Somewhat awed, Miranda followed her hostess into the kitchen. She could not reconcile this girl's face with the stately little airs that she wore, but she liked her and forthwith she told her so.

"I like you," she said fervently. "You remind me of one of Grandma's sturtions, bright and independent and lively, with a spice and a color to 'em, and Hannah makes you think of one of them tall spikes of gladiolus all fixed up without any smell."

Marcia tried to smile over the doubtful compliment. Somehow there was something about Miranda that reminded her of Mary Ann. Poor Mary Ann! Dear Mary Ann! For suddenly she realized that everything that reminded her of the precious life of her childhood, left behind forever, was dear. If she could see Mary Ann at this moment she would throw her arms about her neck and call her "Dear Mary Ann," and say, "I love you," to her. Perhaps this feeling made her more gentle with the annoying Miranda than she might have been.

When Miranda was gone the precious play hour was gone too. Marcia had only time to steal hurriedly into the parlor, close the instrument, and then fly about getting her dinner ready. But as she worked she had other thoughts to occupy her mind. She was becoming adjusted to her new environment and she found many unexpected things to make it hard. Here, for instance, was Hannah Heath. Why did there have to be a Hannah Heath? And what was Hannah Heath to her? Kate might feel jealous, indeed, but not she, not the unloved, unreal, wife of David. She should rather pity Hannah that David had not loved her instead of Kate, or pity David that he had not. But somehow she did not, somehow she could not. Somehow Hannah Heath had become a living, breathing enemy to be met and conquered. Marcia felt her fighting blood rising, felt the Schuyler in her coming to the front. However little there was in her wifehood, its name at least was hers. The tale that Miranda had told was enough, if it were true, to put any woman, however young she might be, into battle array. Marcia was puzzling her mind over the question that has been more or less of a weary burden to every woman since the fatal day that Eve made her great mistake.

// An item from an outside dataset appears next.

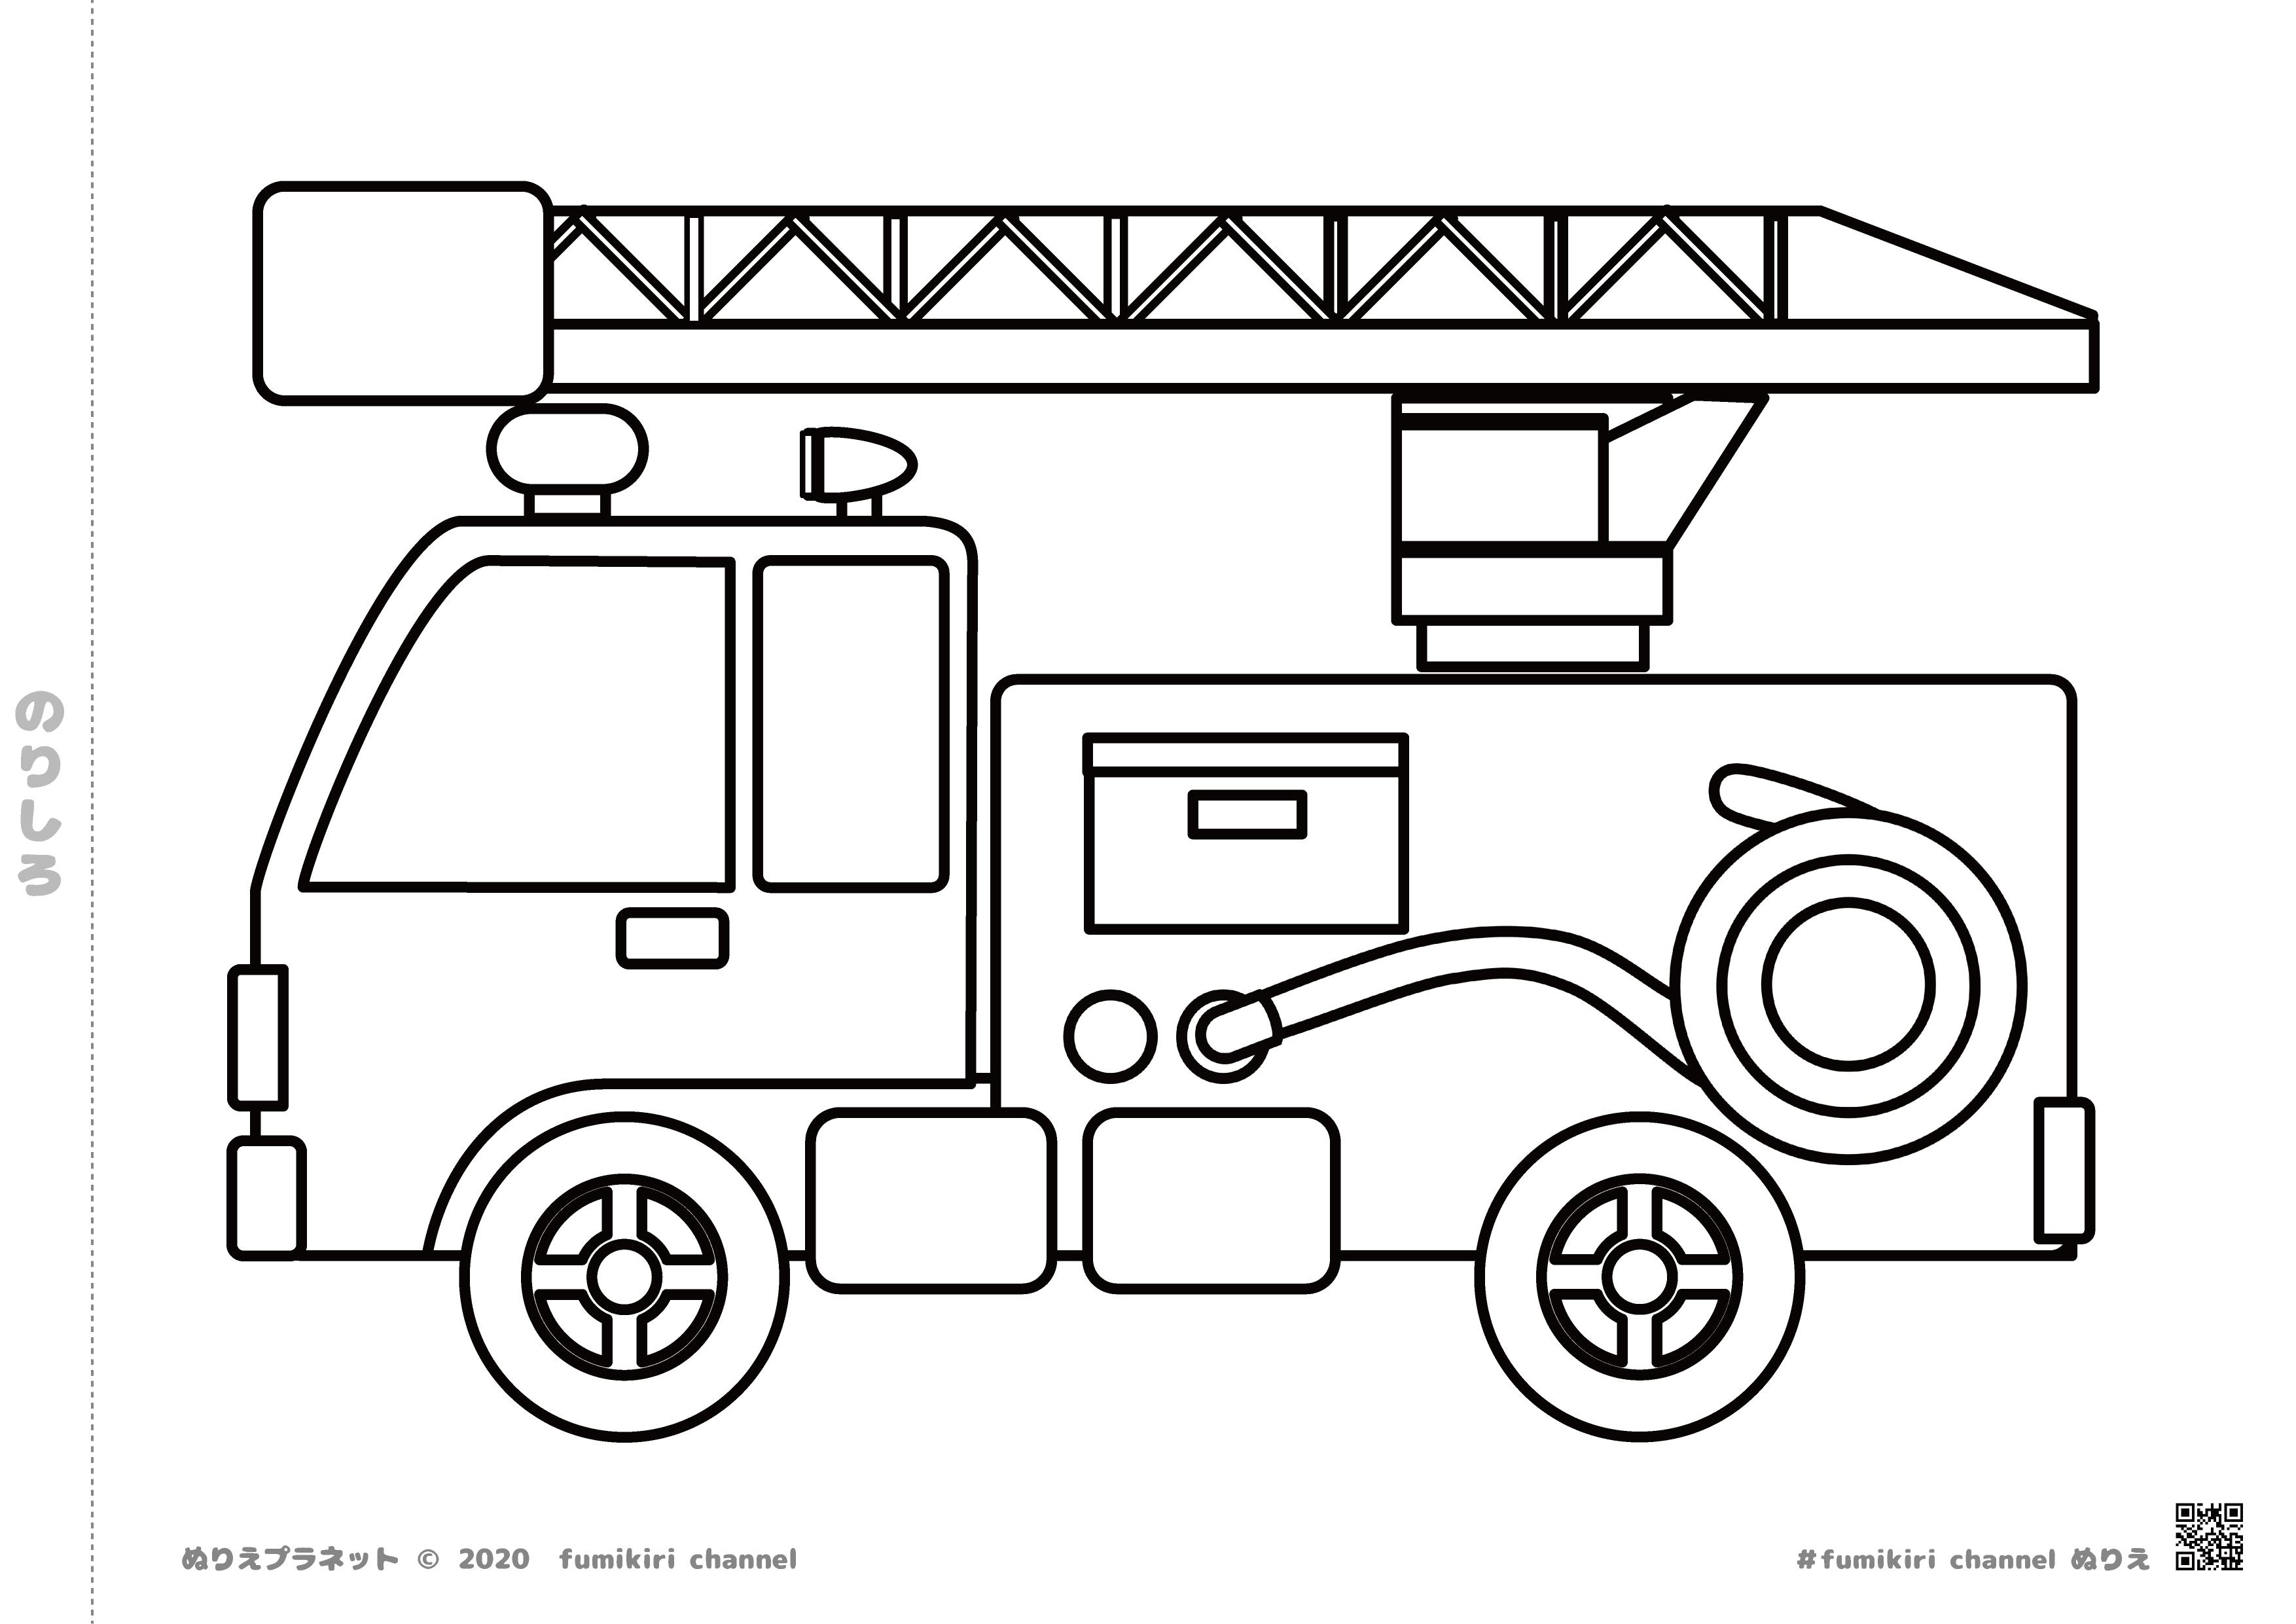 サイレンならして走っていく消防車のぬりえです。
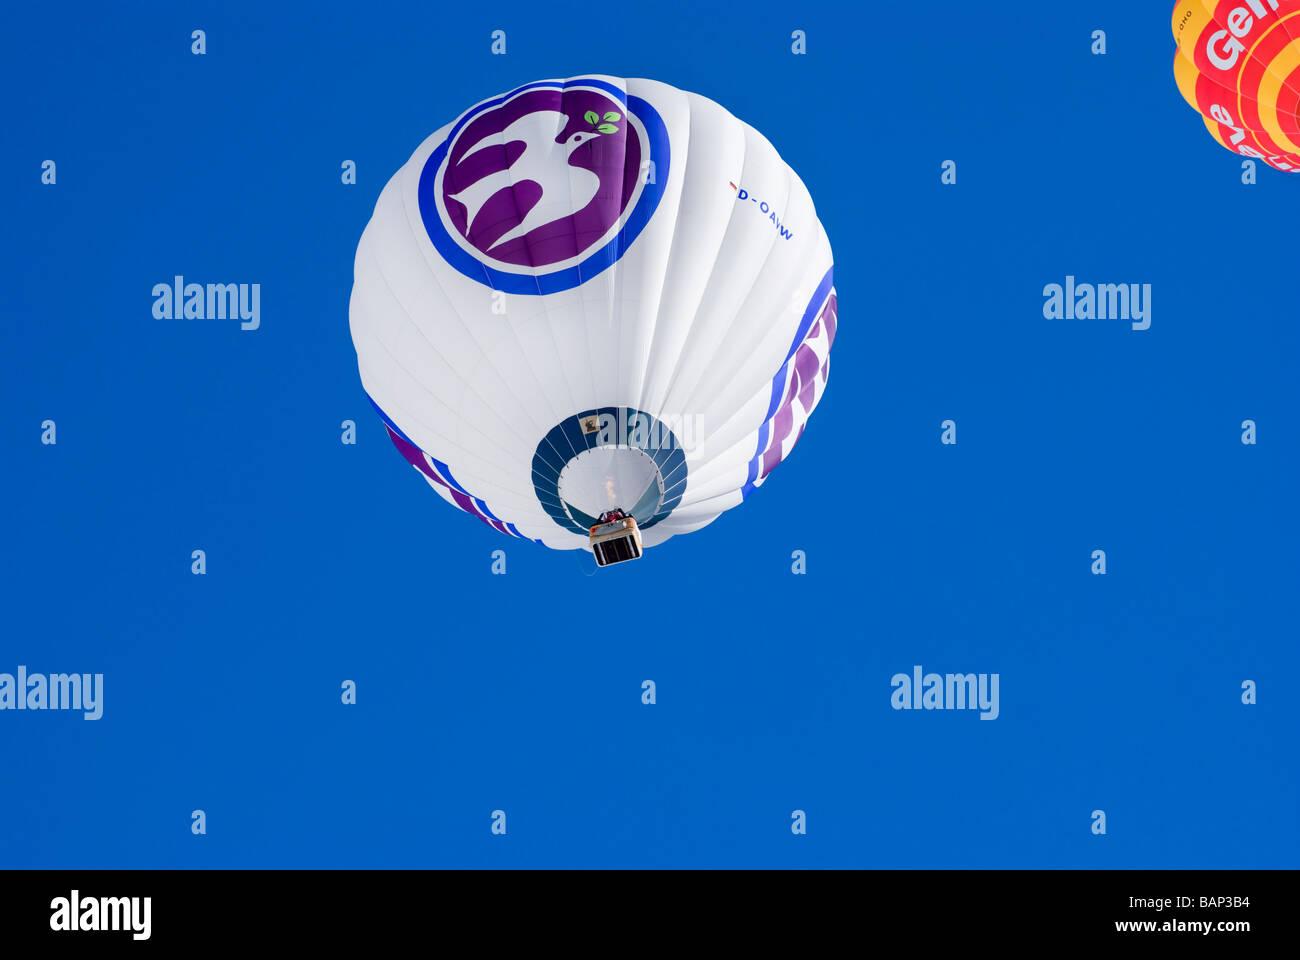 Ballons à air chaud s'élevant dans le ciel bleu clair au 2009 Chateau d oex montgolfières Banque D'Images

David was silent and abstracted at the dinner table, and Marcia absorbed in her own problems did not feel cut by it. She was trying to determine whether to blossom out in pink, or to be crushed and set aside into insignificance in blue, or to choose a happy medium and wear neither. She ventured a timid little question before David went away again: Did he, would he,--that is, was there any thing,--any word he would like to say to her? Would she have to do anything to-night?